The Senate Committee on Indian Affairs. Photo: SCIA

Senate Committee on Indian Affairs sets schedule for a busy week

Hundreds of tribal leaders and advocates are heading to nation's capital and the Senate Committee on Indian Affairs is preparing to host them during a particularly busy week.

The committee has scheduled two listening sessions and a hearing in conjunction with the winter session of the National Congress of American Indians, which takes place Monday through Thursday in Washington, D.C.

The first listening session, on Monday afternoon, will focus on gaps in protections and services for Native women. The committee and its members have been trying to close those gaps with bills like S.1870, the Securing Urgent Resources Vital to Indian Victim Empowerment Act.

The measure, also known as the SURVIVE Act, sets aside 5 percent of the Crime Victims Fund for Indian Country. Currently, tribes must go through state programs if they want to help victims of crime in their territories.

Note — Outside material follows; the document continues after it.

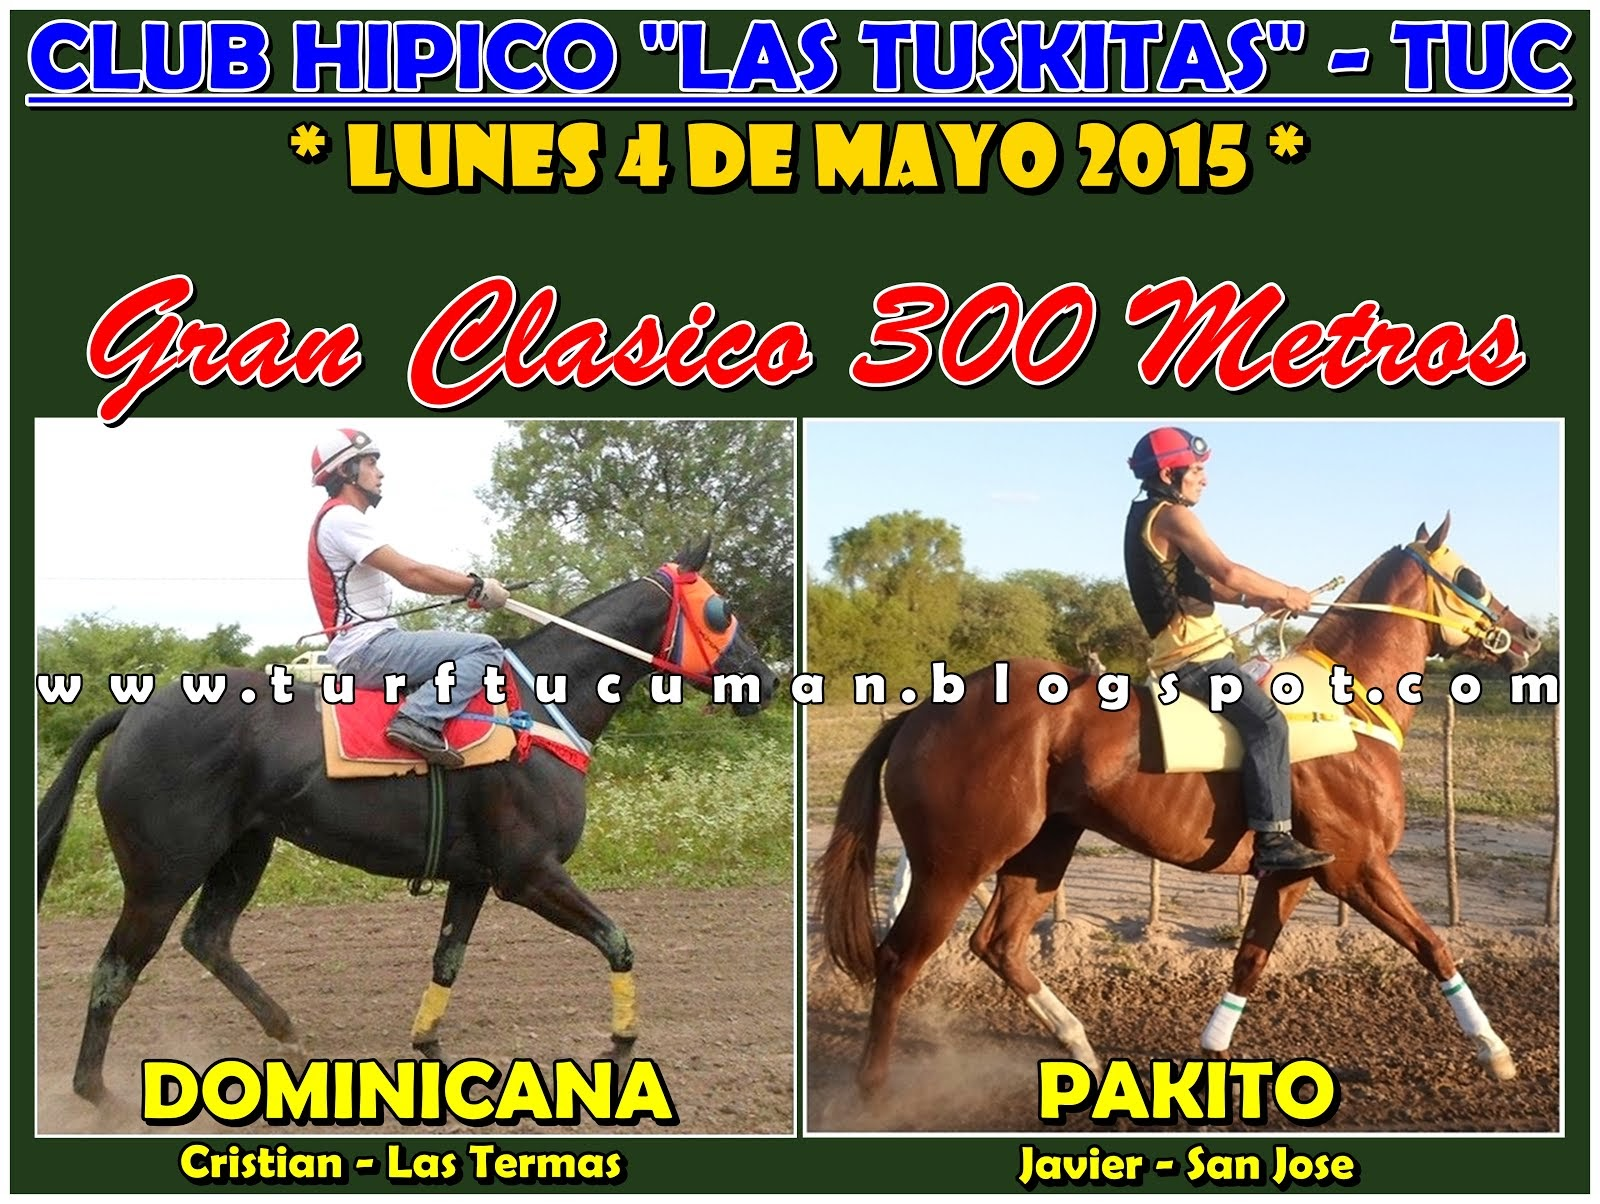 DOMINICANA VS PACKITO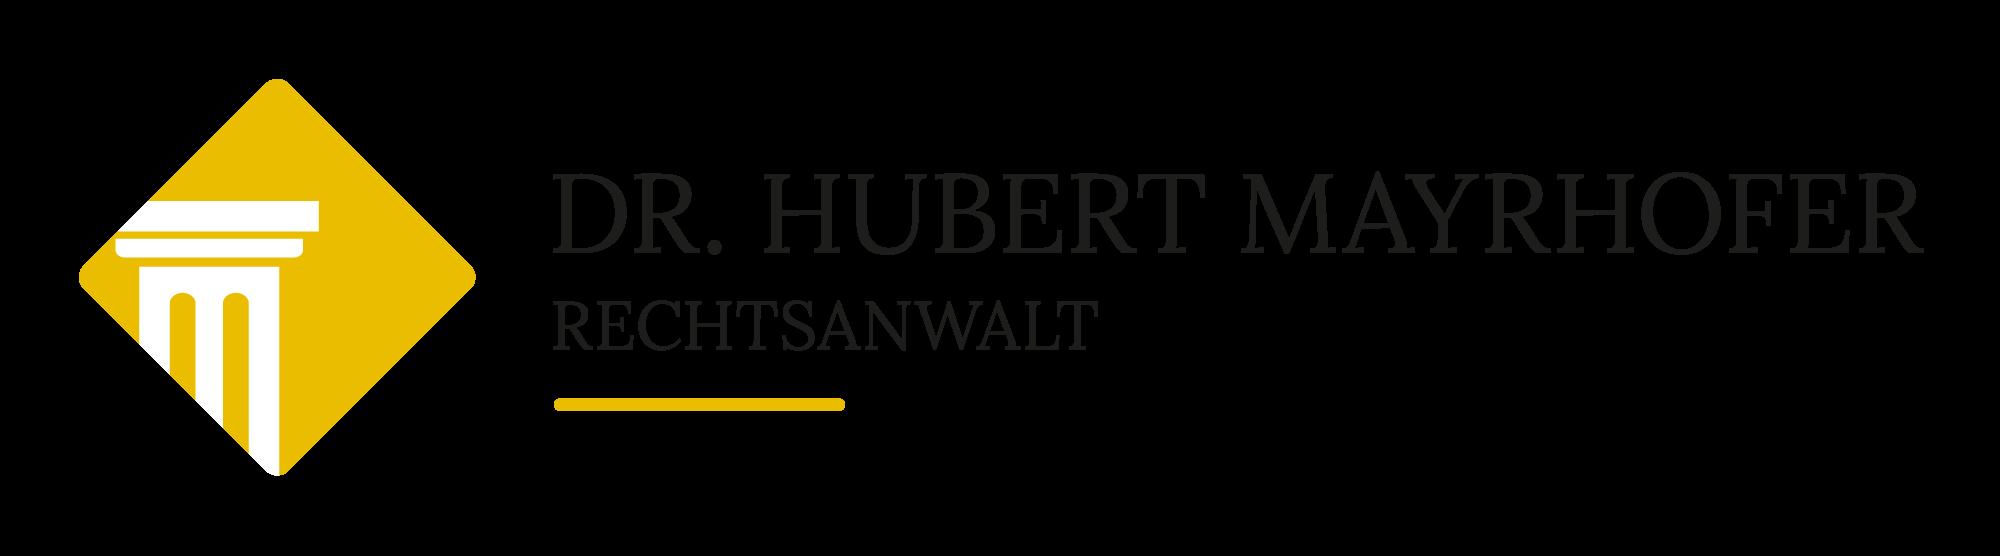 Dr. Hubert Mayrhofer

As a result, few dollars actually make it to American Indians and Alaska Natives, even though federal data shows they are victimized at higher rates than the rest of the population. S.1870, if it becomes law, would direct $150 million a year for tribal efforts.

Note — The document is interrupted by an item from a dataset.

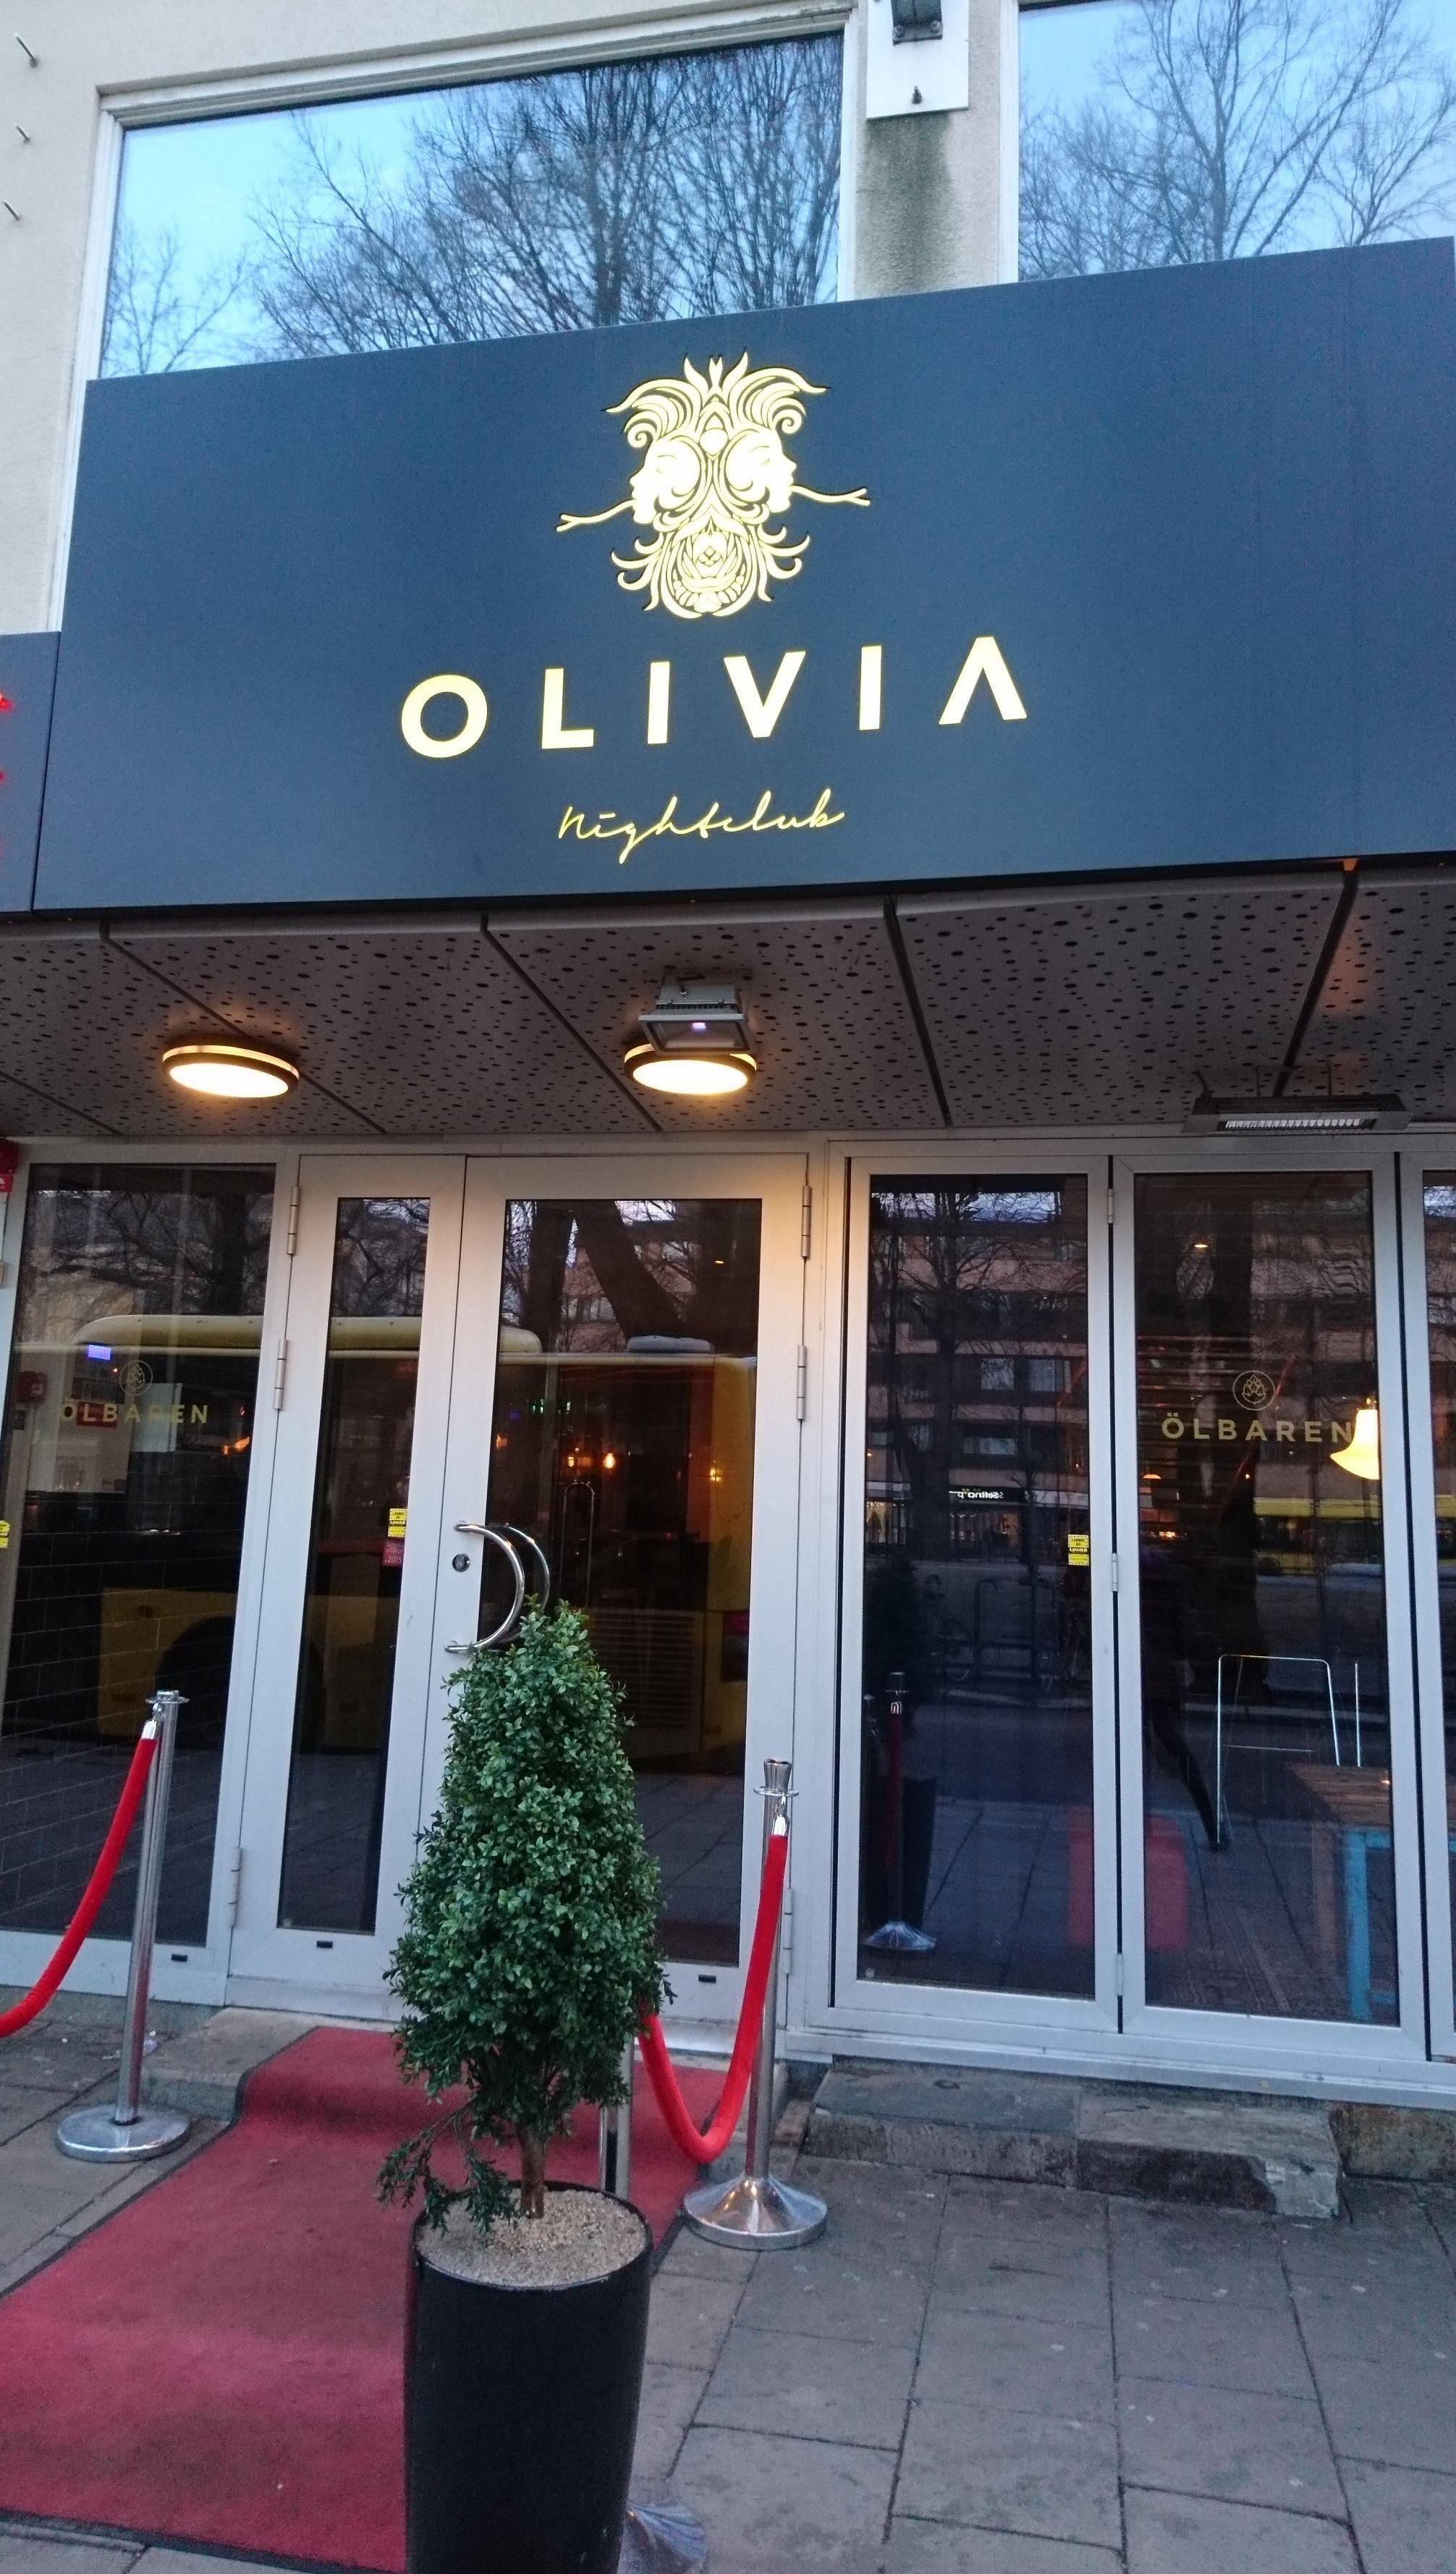 Olivia - Nattklubb

The committee approved the bill at a business meeting on December 6, 2017, but it has not yet come up for consideration in the Senate.

"There's just so much we can do with this kind of money," Carmen O'Leary, a citizen of the Cheyenne River Sioux Tribe who serves as the director of the Native Women's Society of the Great Plains, said during an hearing last October on the measure. "We can create that safe space, we can provide more counseling, we will have burial help."

Also next week, the committee is hosting an oversight hearing on Wednesday to discuss the upcoming 2020 Census. The goal is to ensure that Indian Country is accurately represented because the figures impact federal funding and the drawing of Congressional districts.

Historically, American Indians and Alaska Natives have been undercounted. For the 2010 Census, the last undertaking, the U.S. Census Bureau missed on average 4.9 percent of tribal people on reservations, compared to a slight overcount for the rest of the population.

The committee's second listening session takes place on Thursday. It will focus on higher education priorities in Indian Country.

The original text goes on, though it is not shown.